▸ **Instructions to follow**
From the line containing "Hersteller: SOLs ProWear" down to the last line of the material, output each line exactly as it appears, excluding pictures.

[[ Materials provided, beginning ]]

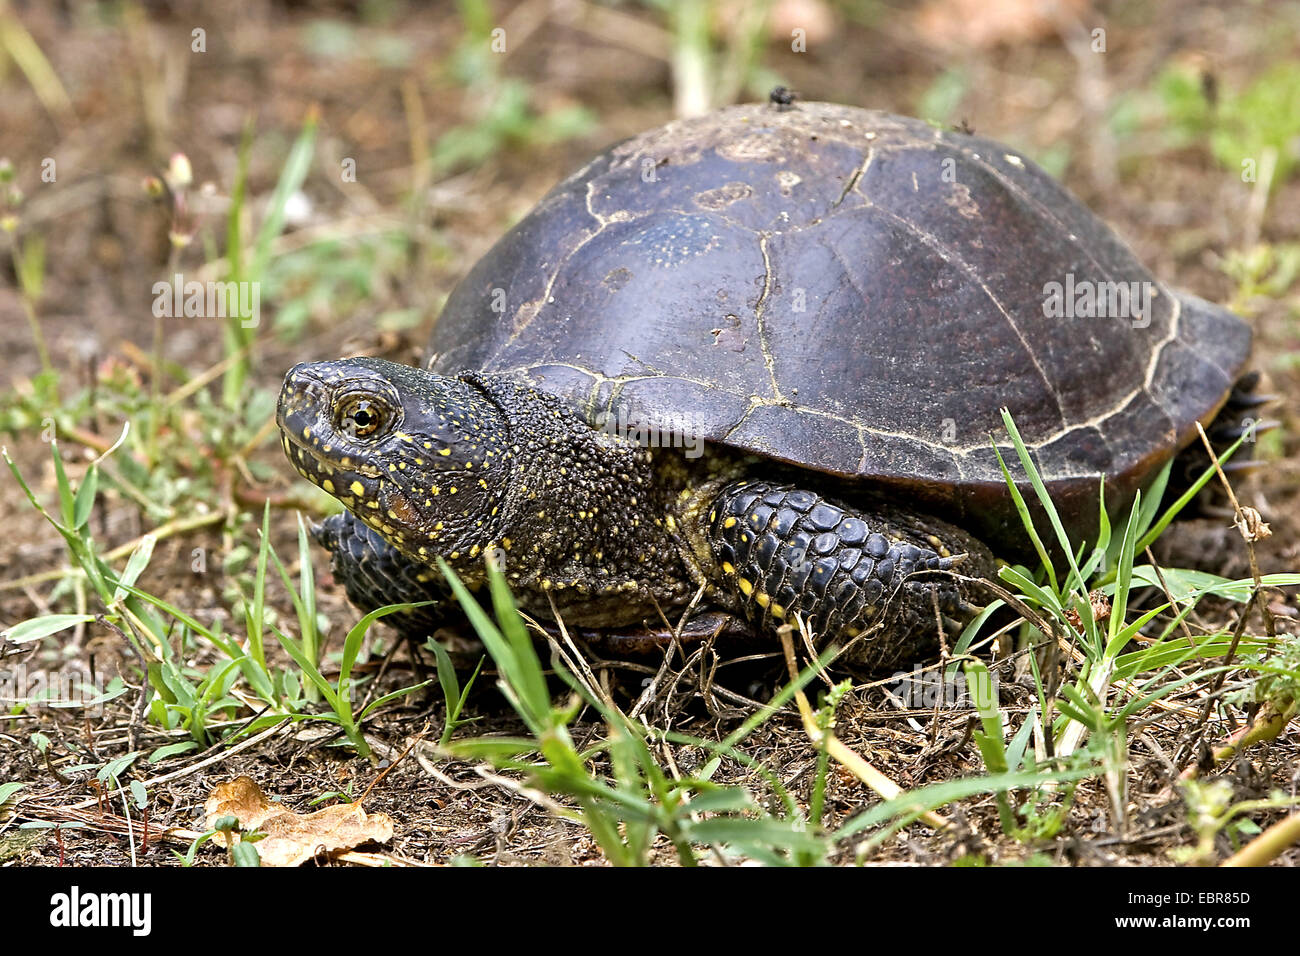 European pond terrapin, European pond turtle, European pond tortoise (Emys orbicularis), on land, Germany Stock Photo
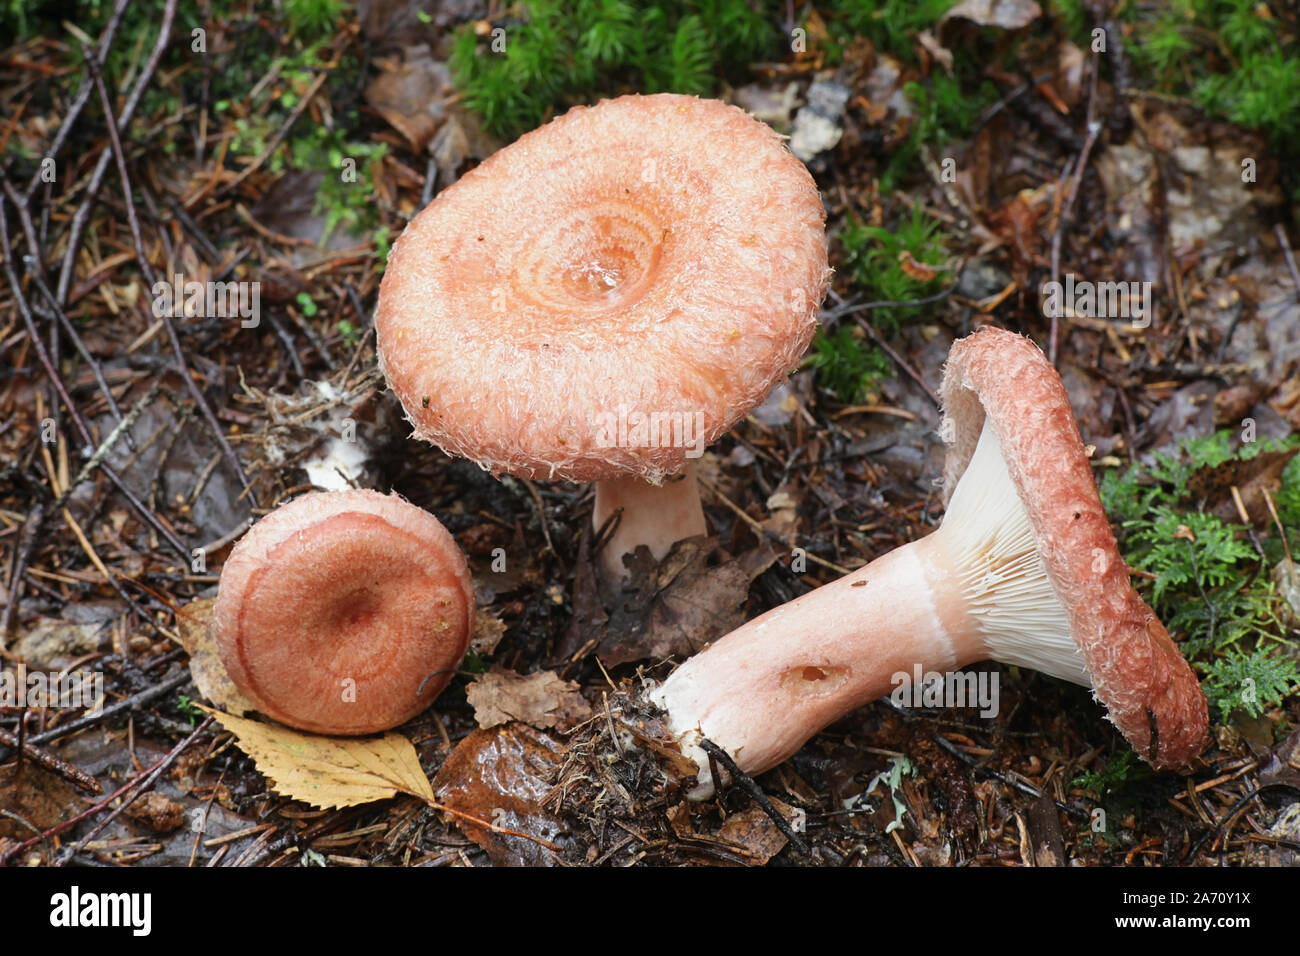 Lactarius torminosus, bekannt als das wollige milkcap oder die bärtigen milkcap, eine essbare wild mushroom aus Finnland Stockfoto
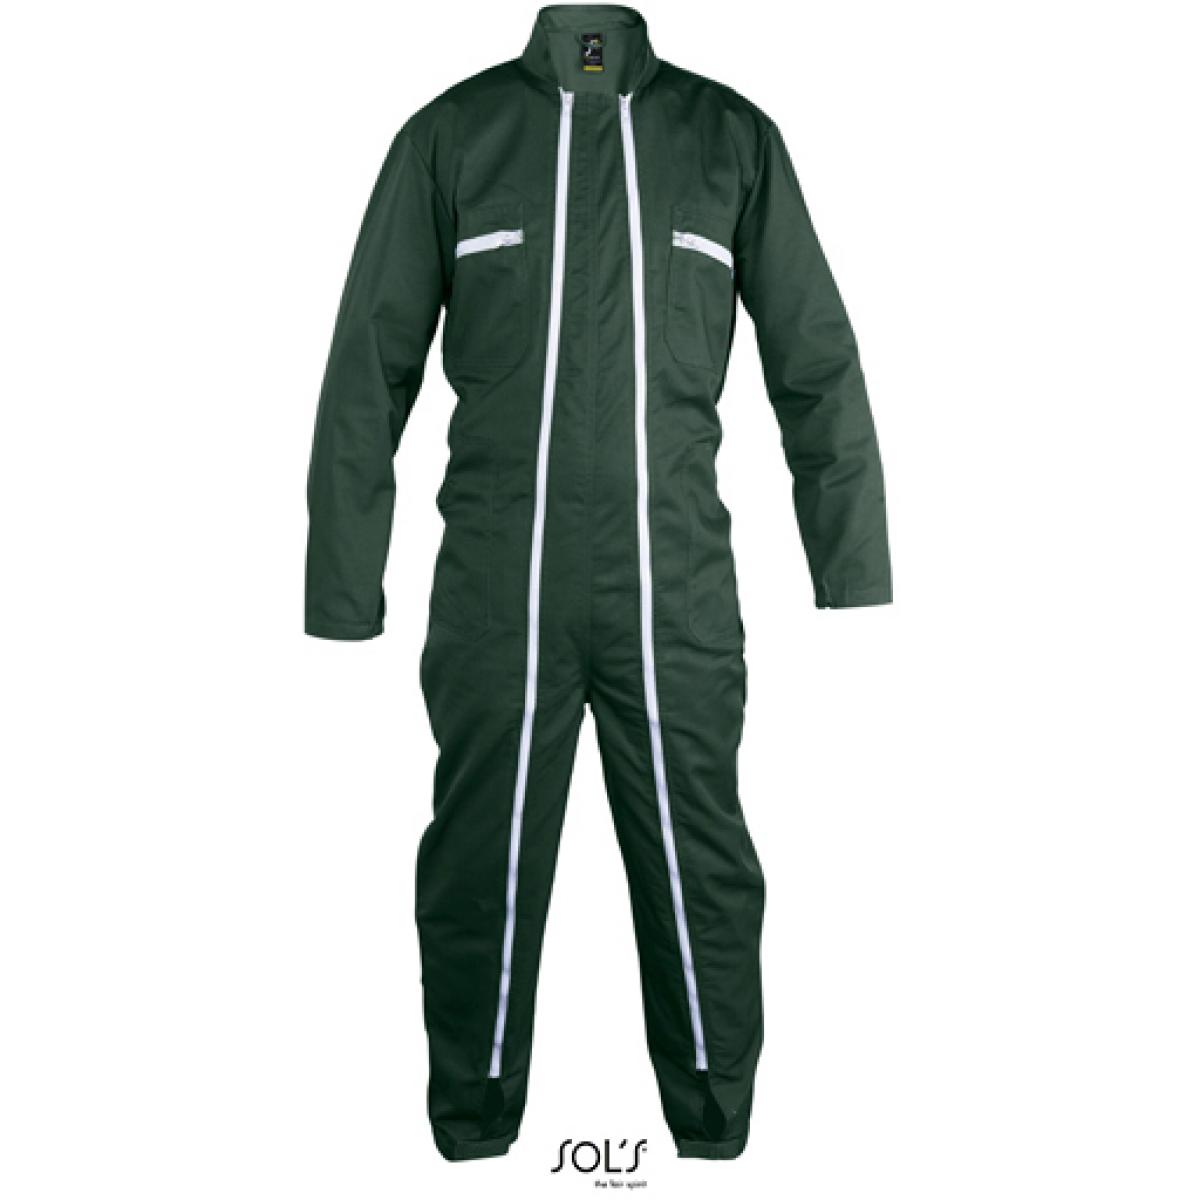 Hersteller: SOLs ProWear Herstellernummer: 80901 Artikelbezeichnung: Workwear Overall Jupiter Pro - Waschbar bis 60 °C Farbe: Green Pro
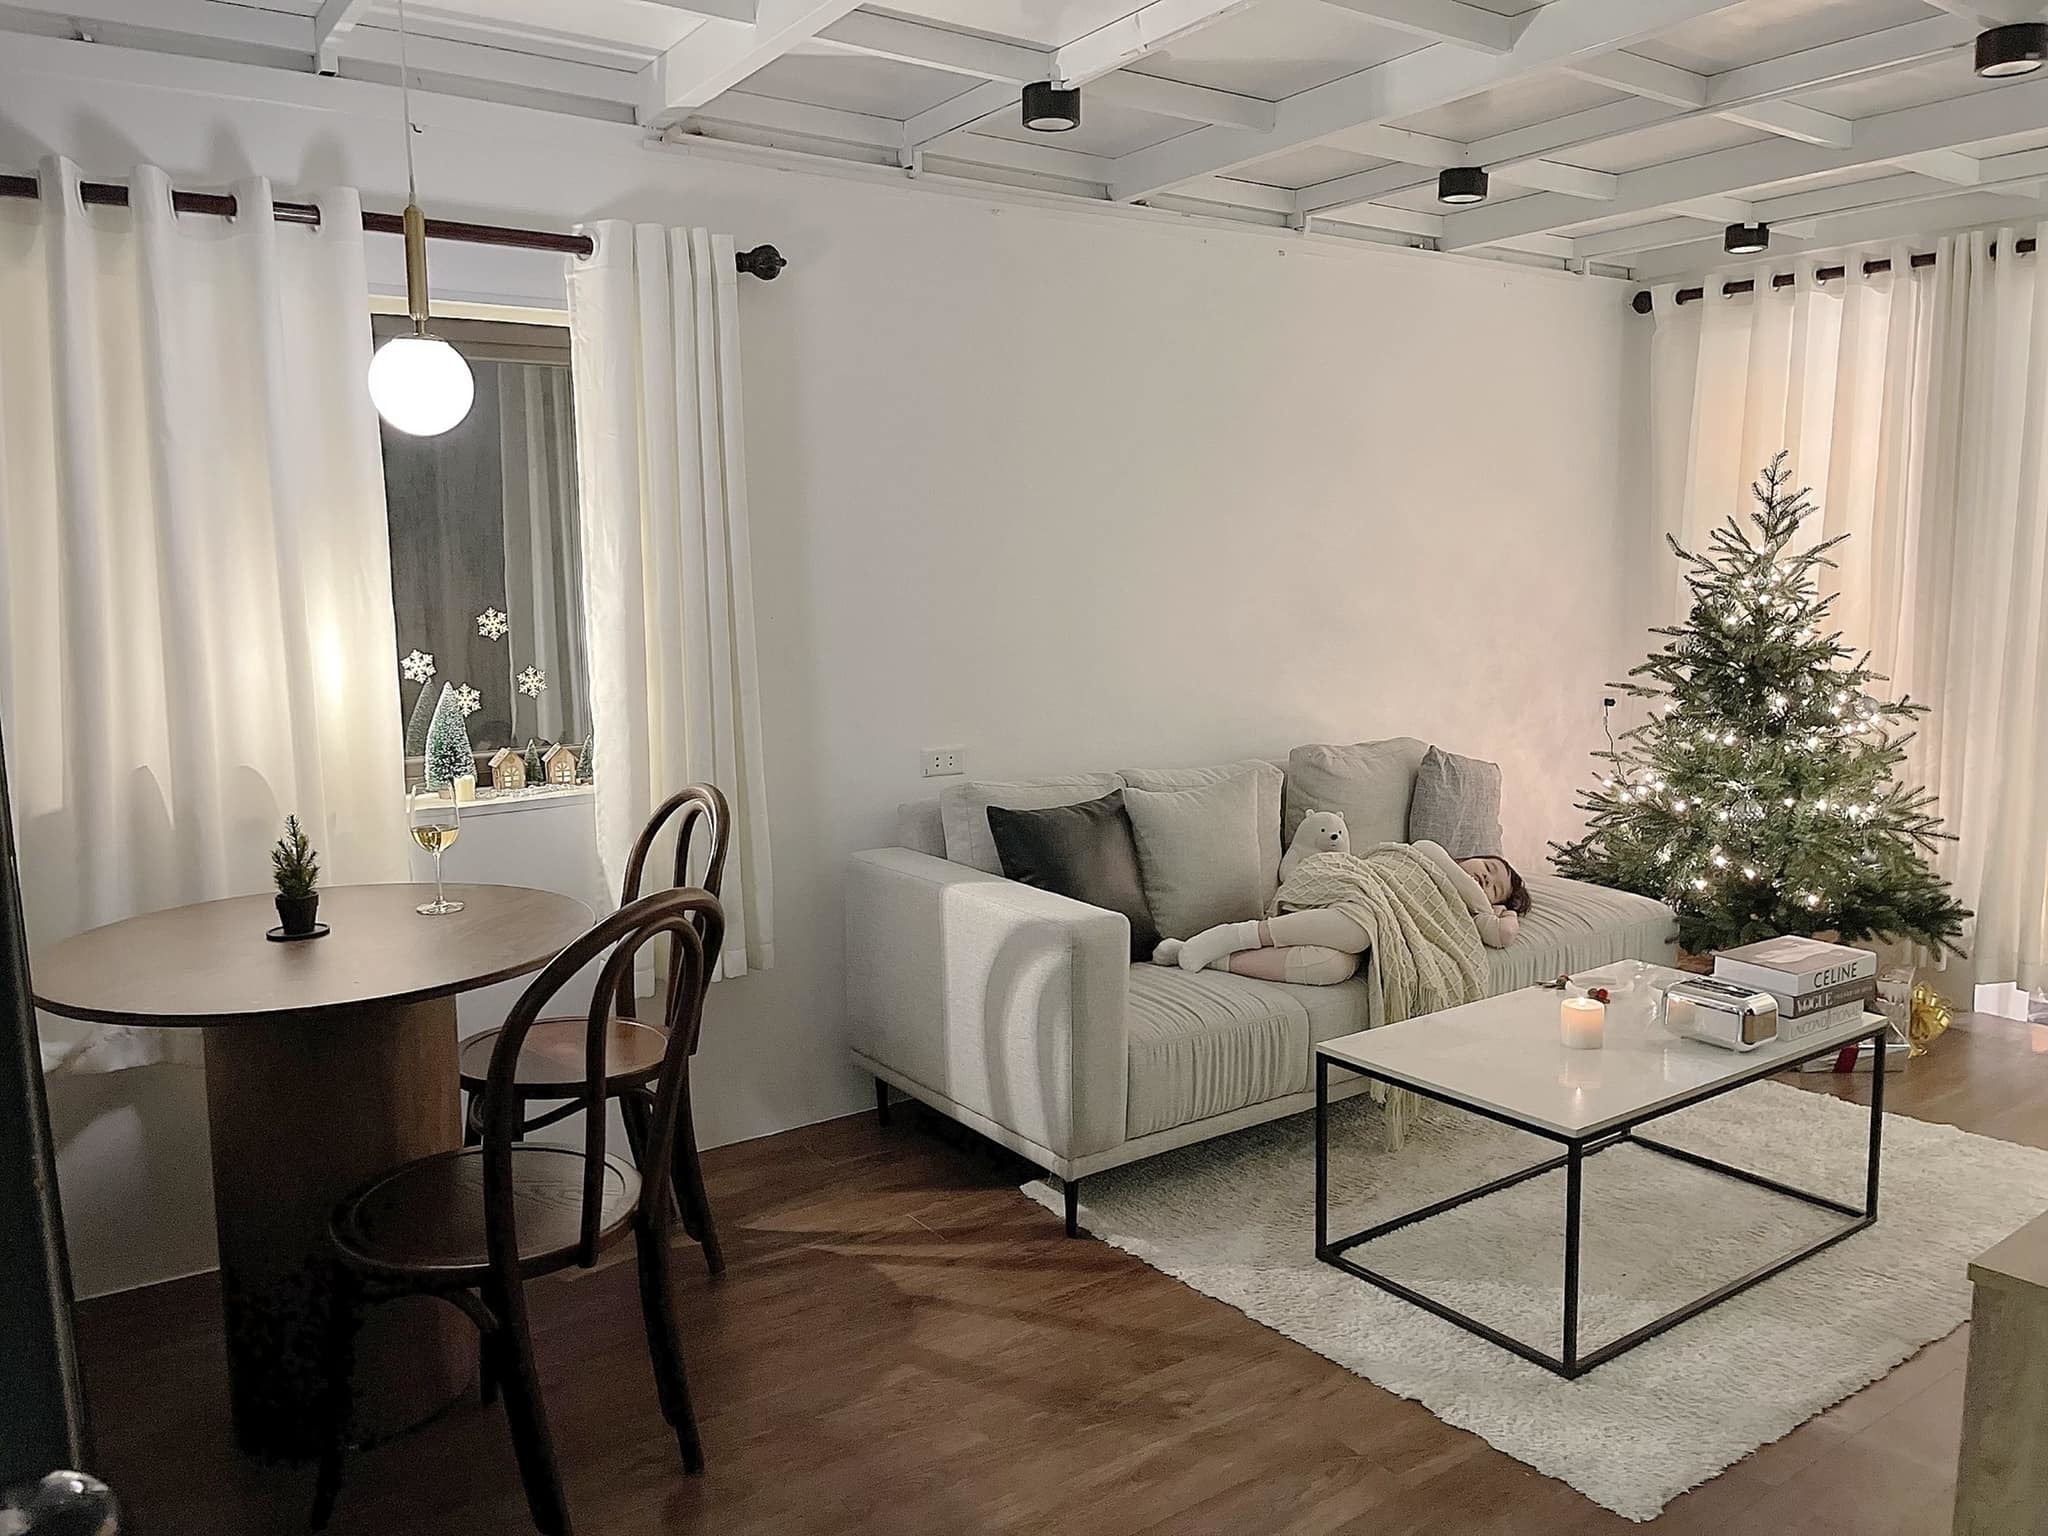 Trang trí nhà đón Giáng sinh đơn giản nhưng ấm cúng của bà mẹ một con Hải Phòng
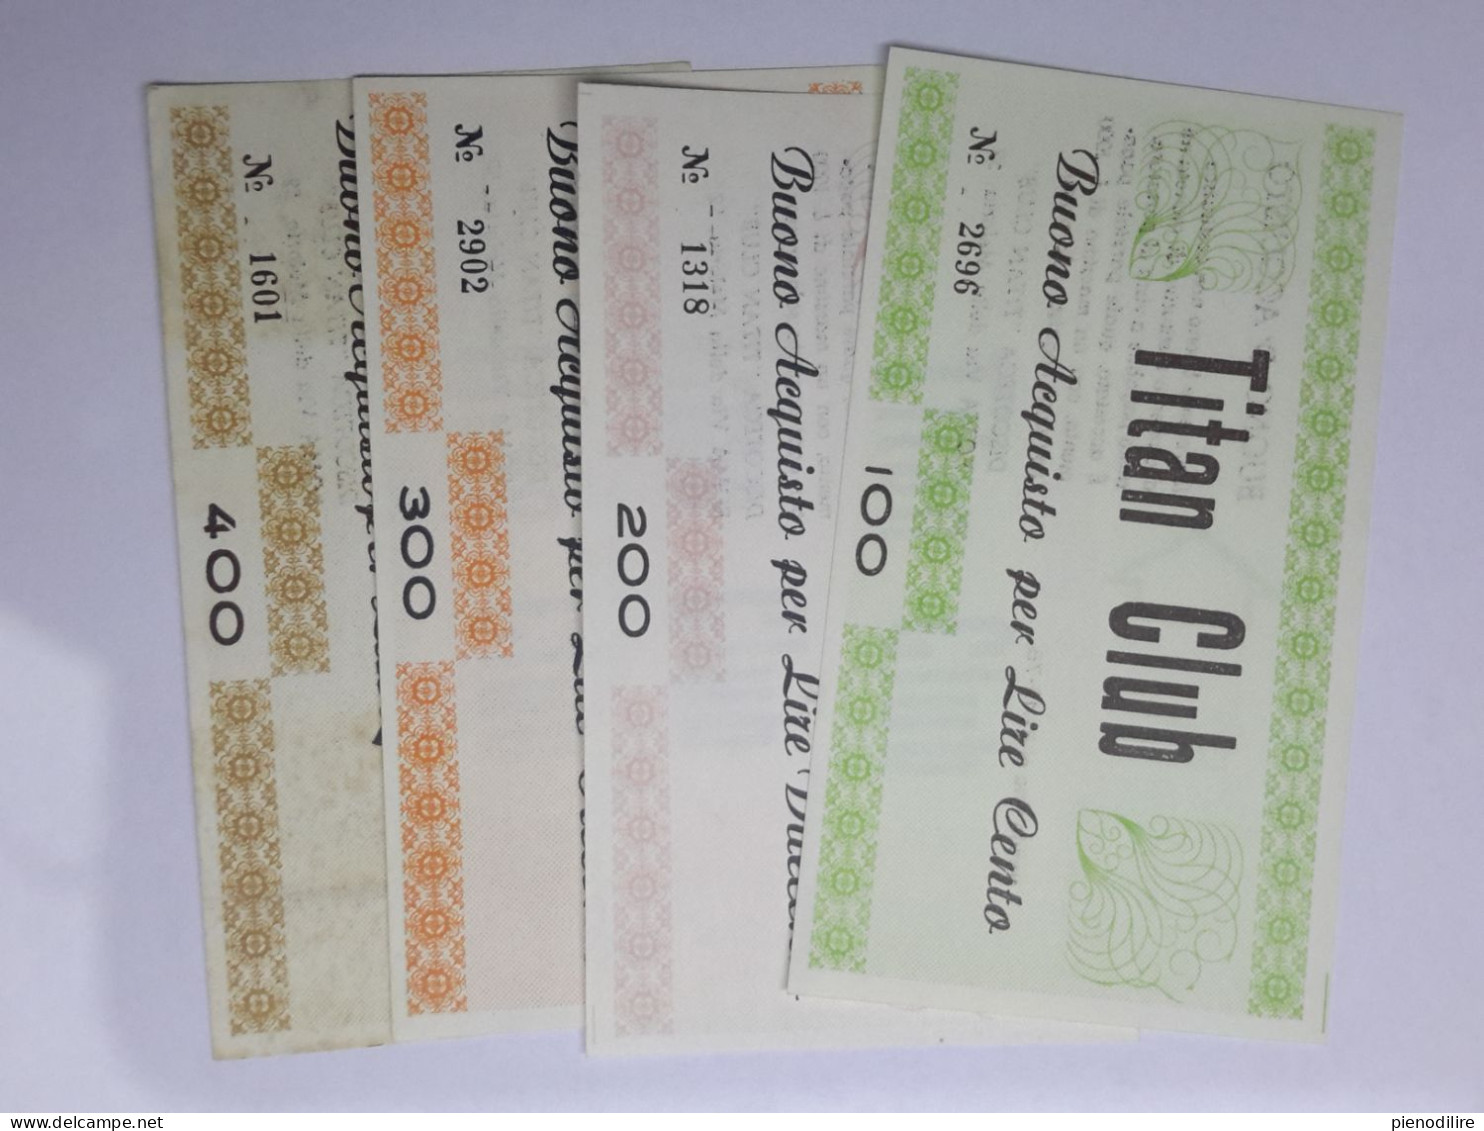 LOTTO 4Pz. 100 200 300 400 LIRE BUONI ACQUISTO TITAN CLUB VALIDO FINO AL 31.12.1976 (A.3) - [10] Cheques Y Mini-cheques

[[ Materials provided, end ]]

▸ **Problem solution**
 Hersteller: SOLs ProWear Herstellernummer: 80901 Artikelbezeichnung: Workwear Overall Jupiter Pro - Waschbar bis 60 °C Farbe: Green Pro
 Trang trí nhà đón Giáng sinh đơn giản nhưng ấm cúng của bà mẹ một con Hải Phòng
 LOTTO 4Pz. 100 200 300 400 LIRE BUONI ACQUISTO TITAN CLUB VALIDO FINO AL 31.12.1976 (A.3) - [10] Cheques Y Mini-cheques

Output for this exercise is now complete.